31 December 2016

bloscpickle

Editted 27-01-2017 to add RapidJSON results.

Python has a number of libraries available to it for the purposes of serializing data and object, generally for the purpose of passing them around from one process or node to another, or for saving the program state to disk. Serialization for a weakly-typed language such as Python brings with it some challenges which typically result in modules having limitations in what they can serialize. My interest is mostly with regards to packaging meta-data with microscopy binary data, were one might have a few megabytes of metadata alongside gigabytes of image stacks.

The built-in modules are pickle, marshal, and json.  I will also look at two other third-party modules ujson and msgpack-python. All of them produce either text or binary representations, and all are uncompressed. I thought I would test an implementation wrapping them with the blosc meta-compressor library to compress their outputs before writing to disk, to see what sort of space-savings and potentially performance-enhancements could be wrote. The code presented herein is available at:

https://github.com/robbmcleod/bloscpickle

It's not intended as a production-ready tool.

Pickle: is Python's most robust serialization tool.  It can manage custom classes and objects, and circular references.

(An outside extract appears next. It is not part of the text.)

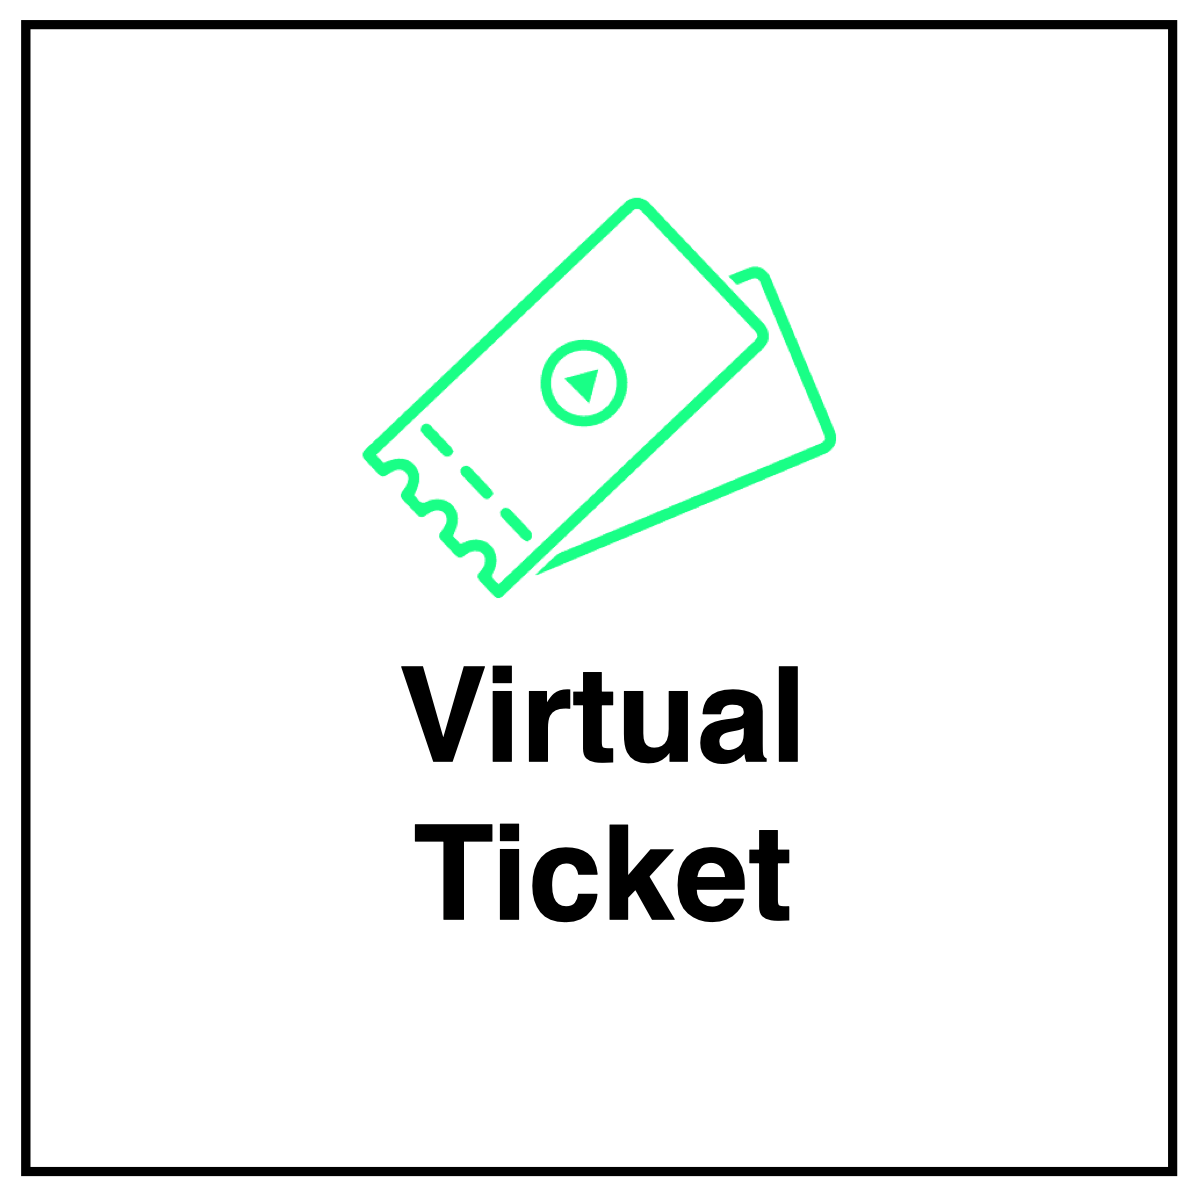 FTC - Virtual Ticket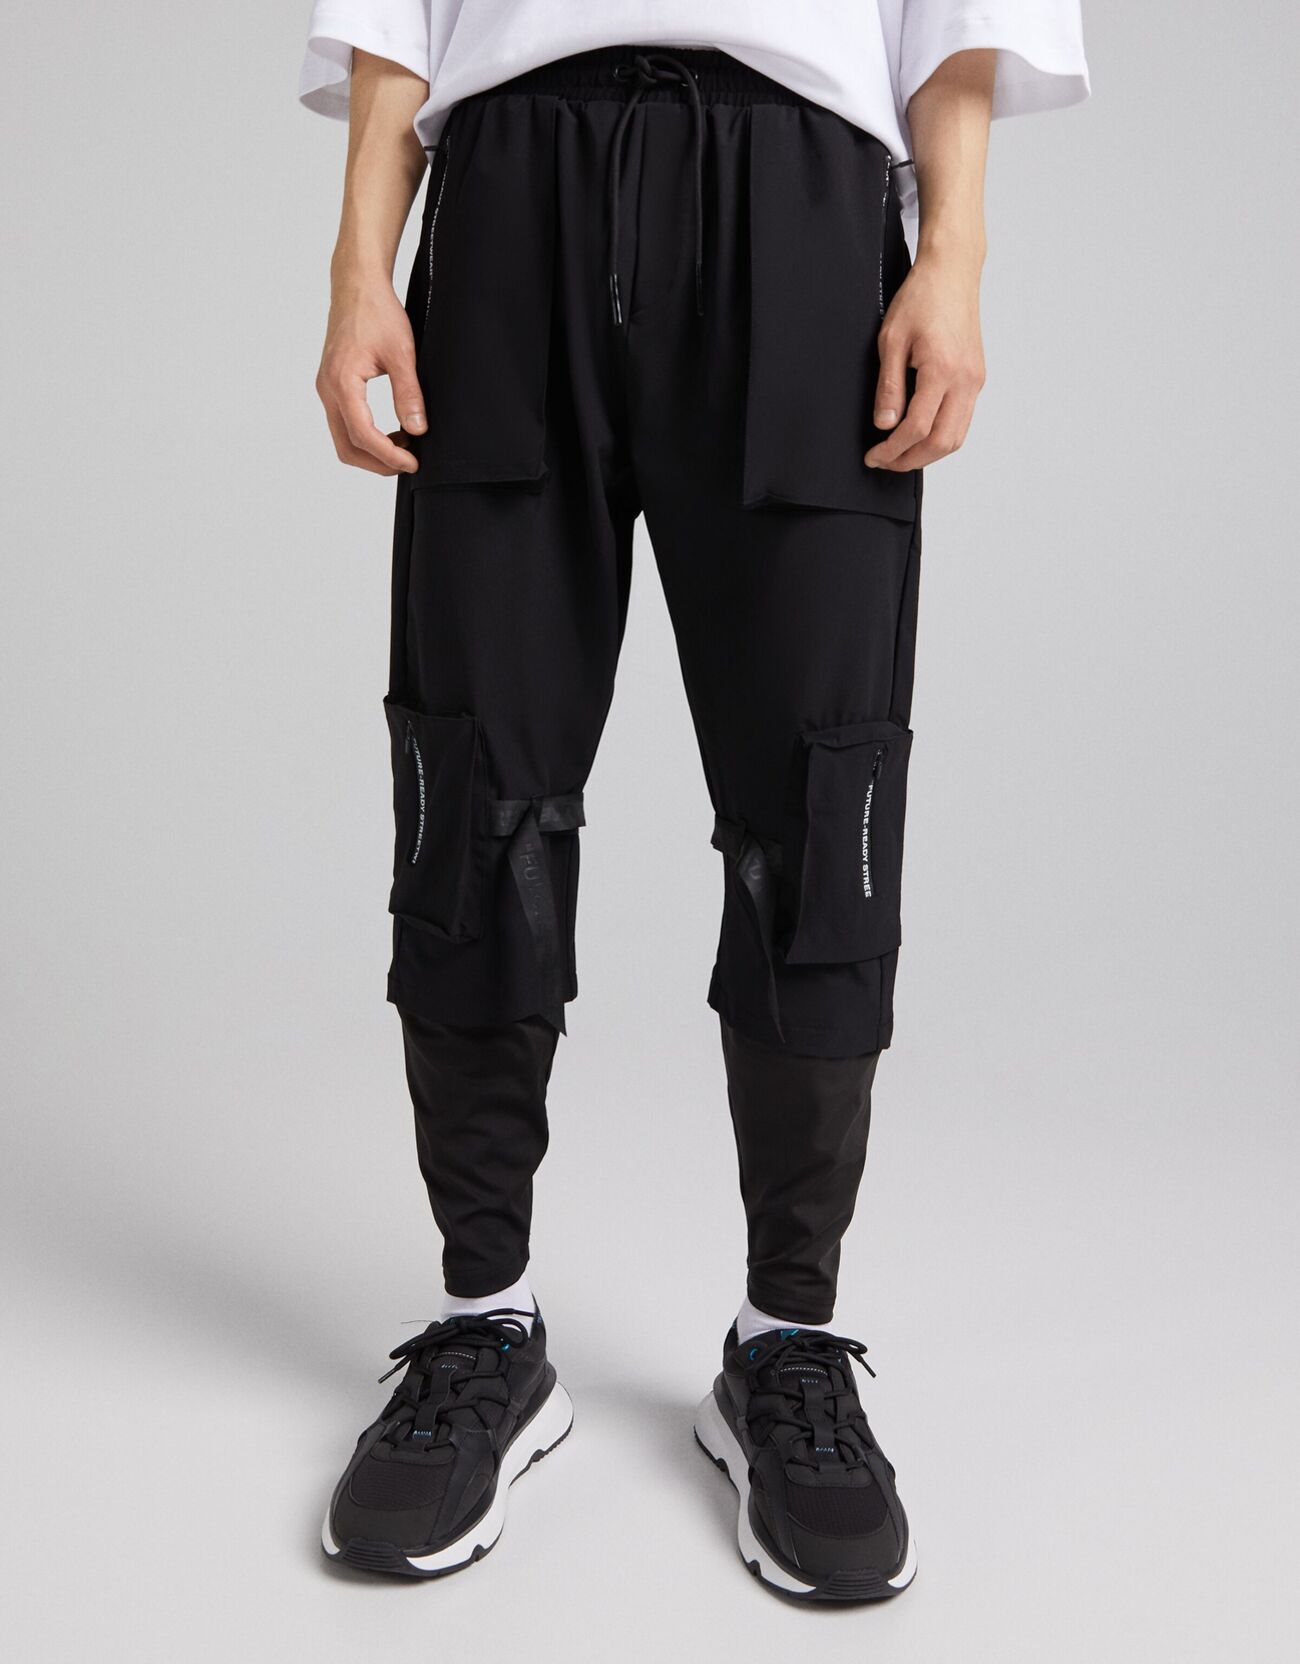 Bershka Pantalon Jogger Future-Ready Activewear Multifonction Avec Leggings Homme L Noir

It does not duplicate objects found to have multiple references. It outputs binary. It is not compatible with other languages. Pickle received a major speed upgrade with Python 3, which also came with a new file protocol. Pickle is used, for example, in the multiprocessing module to exchange data between processes.  Pickle is often said to be a potential security hazard as it can potentially carry malicious code, which is the disadvantage of its versatility in serializing objects.

Marshal: is Python's internal file I/O module. It can serialize only Python base types (essentially lists, tuples, and dicts), will crash if fed a circular reference. It is not even compatible across different version of Python. It is supposed to be the fastest of the tested standard Python modules.

JSON: otherwise known as JavaScript Object Notation is the most ubiquitous method to serialize objects. It essentially only deals with two constructs: list and dicts. As such, it requires helper functions to be implemented in order to serialize objects. It's not binary, so it can be human edited (with some difficulty, it's picky about commas and similar formatting errors). As with pickle, json received a major performance upgrade in Python 3, such that many external implementations of JSON were obsoleted, with a couple of exceptions such as...

UltraJSON: developed by an Electronic Arts studio (but released under a BSD license), UltraJSON is just like JSON, but faster. One drawback of ujson versus the default library is that it can fail silently.

RapidJSON: Another fast JSON parser built on top of a C-library.  Here I use Hideo Hattori's wrapper which is the more complete of the two Python wrappers.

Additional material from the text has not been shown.